My job is hard sometimes. As I say here, there is always one that stays with you. No matter what type of "helper" you talk to (psychologist, doctor, social worker, nurse...), they will have their one case that stays with them. There are many that stay with you, of course, but there's always that one, above the rest.
My one was an itty bitty - a two year old - that I saw three years ago. I have never worked as hard as I did on this child's case. It is as complicated and terrible as you can imagine and, in spite of all of my very best efforts, what I did was not enough. Nothing could have been enough. There was not really an enough.
I got a phone call this week, re-opening and revisiting this case.
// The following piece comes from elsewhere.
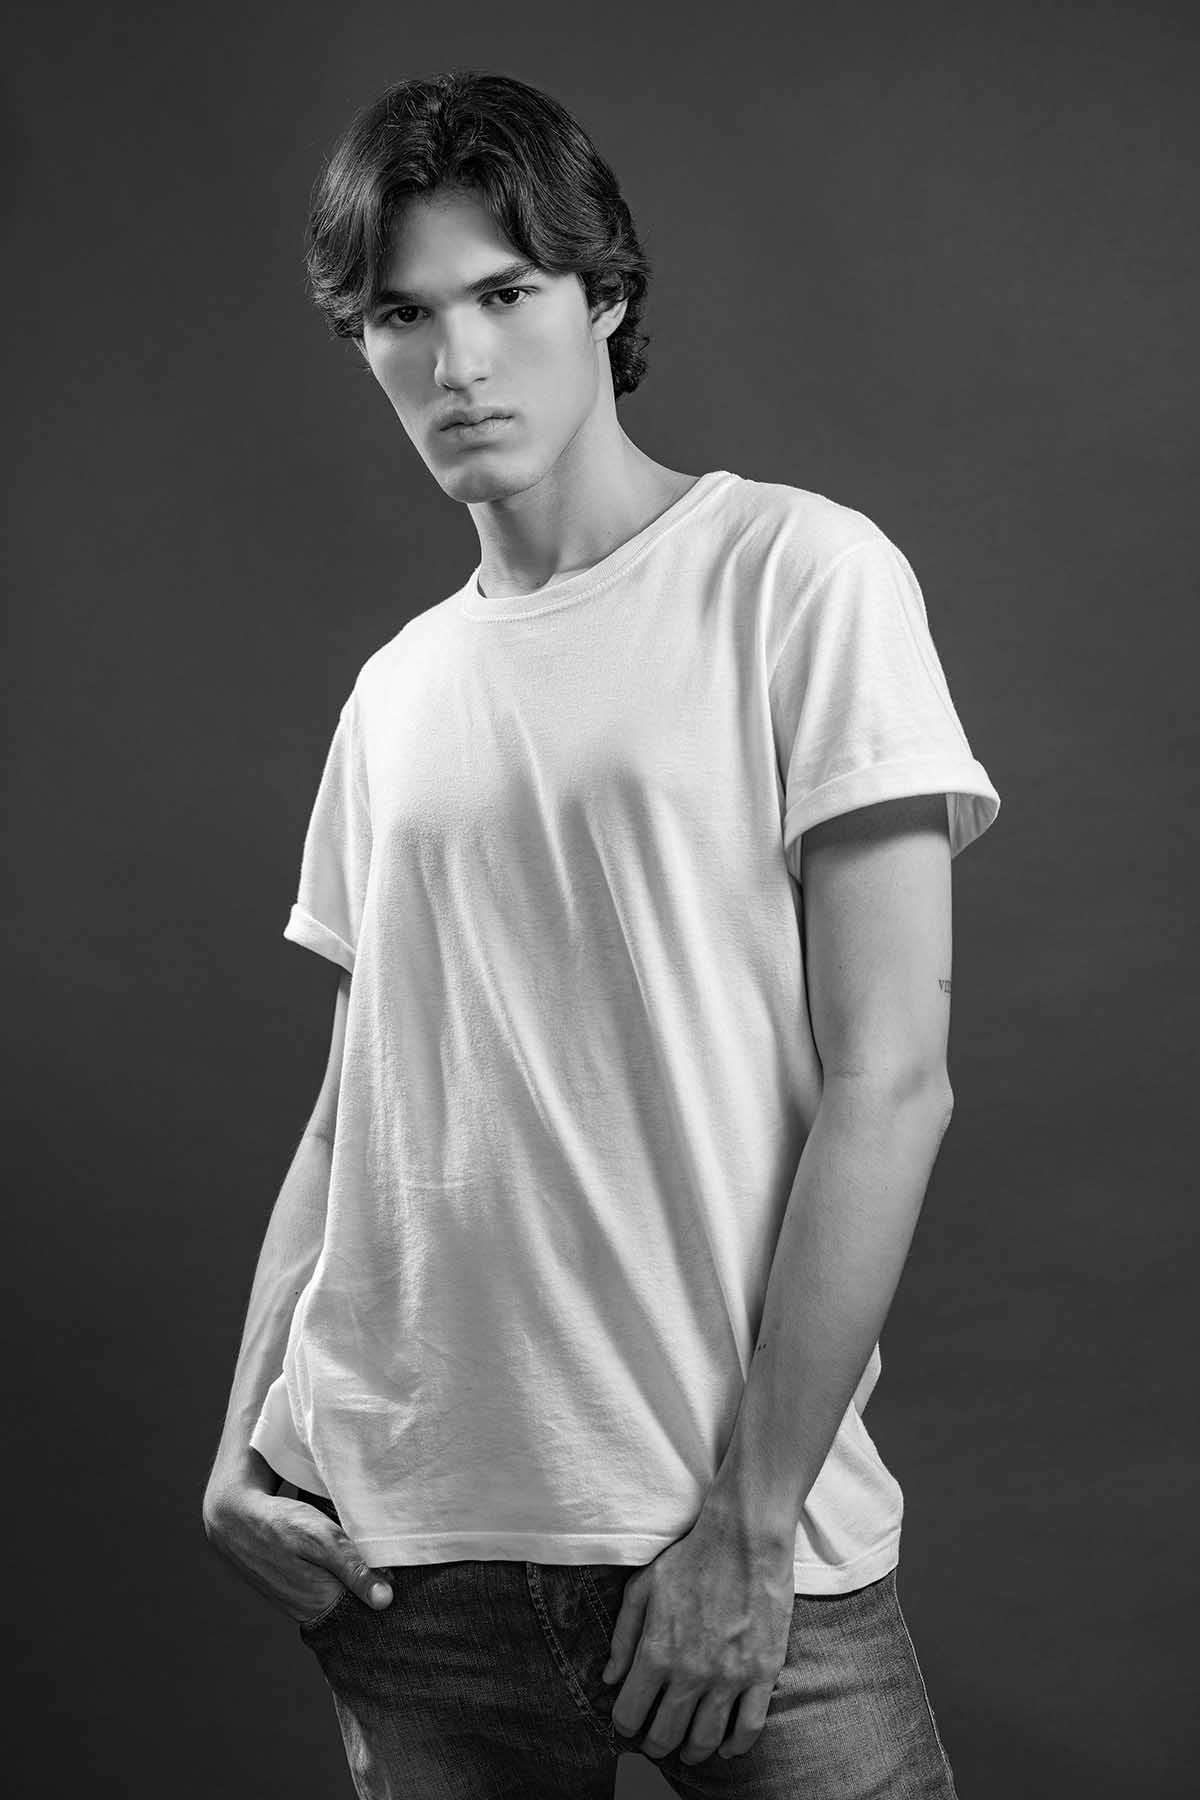 Hugo Araújo by Viny Soares for Brazilian Male Model

I don't know all of the details, but it's not good. Three years later, this baby is still suffering - and there still is not an enough that can be done for her.
There will be one
There are many you
cannot save.
My heart is full of
faces that disappeared:
faces whose stories
will never have an ending,
hands that mine will
never reach.
Most faces fade with
time -
are replaced with new
eyes,
new hearts, new hands,
the door is revolving:
new hearts in,
some hearts out,
with your heart pushing
it around.
But there is always
one.
The one whose face
never fades
who haunts your dreams
whose eyes and hands
come to you
as you innumerate your
failures
there is always one
that stands above the
rest:
the one that will not
leave,
no matter the miles you
run,
the happy hours you
drink through
the yoga classes that
remind you to breathe,
there will be one
who
will always stay.
There will be one that will
make you talk
to a god you don't
believe in.
There will be one
whose name will make your heart skip a beat,
there will be one
whose name you scan for
in newspaper headlines,
in obituaries,
you will hold your
breath
at Amber alerts
at radio stories,
waiting for her name.
There will be one that,
three years later
when you get the call,
the subpoena,
the voicemails from
authorities,
you will be unsurprised
and devastated anyway.
There will always be
one:
she was two years old
with white blonde hair,
big blue eyes,
fancy dresses.
She said 'bless you' when
I sneezed.
She loved Oreo cookies.
I watched her dry her mother's
tears.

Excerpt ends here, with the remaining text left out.